Opinion articles provide independent perspectives on key community issues, separate from our newsroom reporting.

Letters to the Editor

Letters: Readers discuss race, protests out of control, KC election mess and truthful past

The race is human

In the 1960s, I had a teacher I will admire until the day I die. One day during class we were required to complete a document identifying our race. When I selected “Other,” she told me I had to choose “Negro.” I debated with her and refused to yield, telling her I was a member of the human race.

After I grew older, we became friends. She continued to educate me well into adulthood. She died a few years ago, but I will never forget her lessons. During the 25 years I served as a police officer and the 12 years I taught high school and coached, I often turned to her for counsel about human behavior. However, after the fifth grade, we never again talked about race.

During my lifetime, I have been called Colored, Negro, Black and African American. Along the way, all of these labels were assigned to me. I did not choose them.

I believe that until our discussions can stay focused on human rights, without an emphasis on race or color, we’re destined to be like hamsters on a wire wheel. We’ll be going nowhere fast.

- Jeffery R. Dysart, Overland Park

Don’t give in

The police of my childhood would have never allowed a mob of vandals to destroy public property. They would have given an order to disperse and then moved in decisively, using the age-old concept of minimum necessary force.

The statues that have been defaced belong to everyone, yet a minority of malcontents is allowed to obliterate our history with impunity.

It is time to put a stop to this madness. If our political leaders are too craven to defend the images of our bygone past, then it is time to dispense with them and the rabble whose feet they kiss.

- Gregory H. Bontrager, Hutchinson, Kansas

Dixie freebie

I am sure the Dixie store in Branson that you featured recently enjoyed all the free advertising. (June 21, 1A, “Branson store clings to its Dixie name despite protest”) What were you thinking?

- Michele McIntosh, Independence

Election mess

I have been an election judge in Jackson County for years, but I declined to work the June 2 election and have requested the Kansas City Election Board remove me for future elections. I did not vote June 2, the first time in 20 years I have missed an election. This makes me a “disenfranchised voter.”

Holding an in-person election during a pandemic is risky and guaranteed to deter voting. The turnout for the June election was 10%. The number of polling locations has been reduced, ensuring long lines, and the number of election workers who have dropped out has created a crisis.

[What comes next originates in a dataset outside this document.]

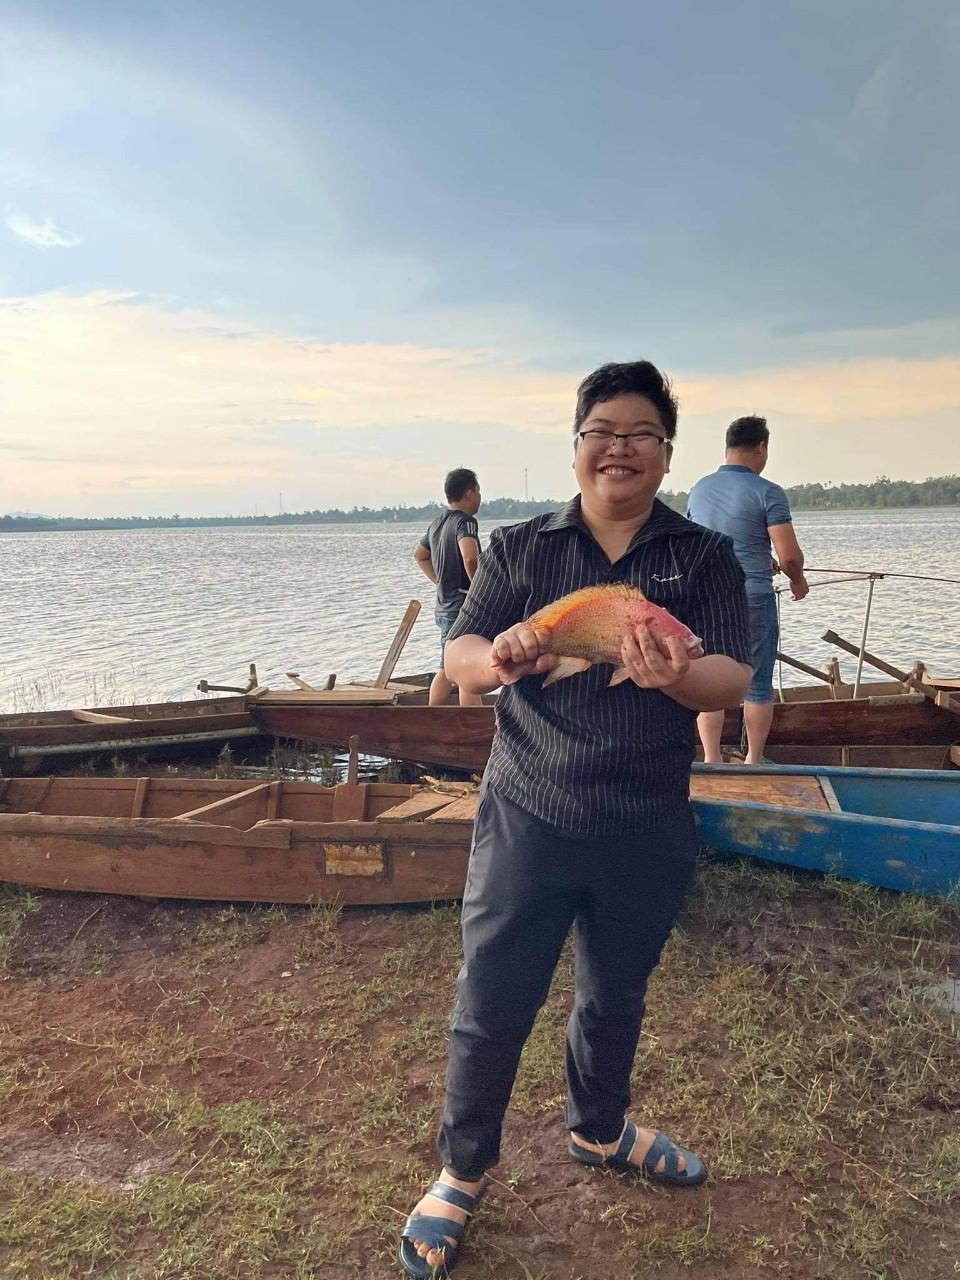 """Đắk Lắk: Giới trẻ mê mẩn điểm chụp hình sinh thái """"sống ảo"""" đẹp nao lòng - Ảnh 5."""

The election board is struggling to accommodate a situation mandated by the Missouri legislature. Although Gov. Mike Parson signed a bill allowing mail-in voting for the August and November elections, ballots must be notarized, and for voters uncomfortable going out in public, this is an unnecessary burden.

Vote by mail has been successful for years in several states, and many others have adopted it because of the COVID-19 pandemic. Only registered voters receive ballots, signatures are verified, incidents of voter fraud are minuscule, and voting by mail does not favor either political party.

- Kathy Siress, Kansas City

Deeply intertwined

Renaming the J.C. Nichols Memorial Fountain is being touted as Kansas City’s first step toward ending racial inequality. This proposal is a cosmetic cop-out allowing city officials to claim “progress” while retaining a prized landmark built by money whose provenance they would prefer to ignore

Kansas City’s history is intertwined with J.C. Nichols’. Like it or not, they cannot be separated. Simply changing a plaque will not affect that.

If we wish to keep the iconic landmark, which is a popular symbol, we could find a way to add context to it, highlighting both Nichols’ contributions to Kansas City and the consequences of his development tactics. Or if we truly wish to disavow the legacy of J.C. Nichols, then we must do so as completely as possible. The fountain must go the way of Confederate monuments, being dismantled and replaced.

To simply rename the fountain is no solution. It is hypocritical to benefit from a person’s contributions while saying we want nothing to do with him. Rather than confronting our history of racial division, it simply brushes it under the rug while hoping no one will look.

- Matthew Peak, Mission

Give us a break

Why can’t The Star or its editorial staff get the courage to print a positive article once in a while for us conservatives who read The Star and have for more than 40 years? It is almost like selective censorship of the press.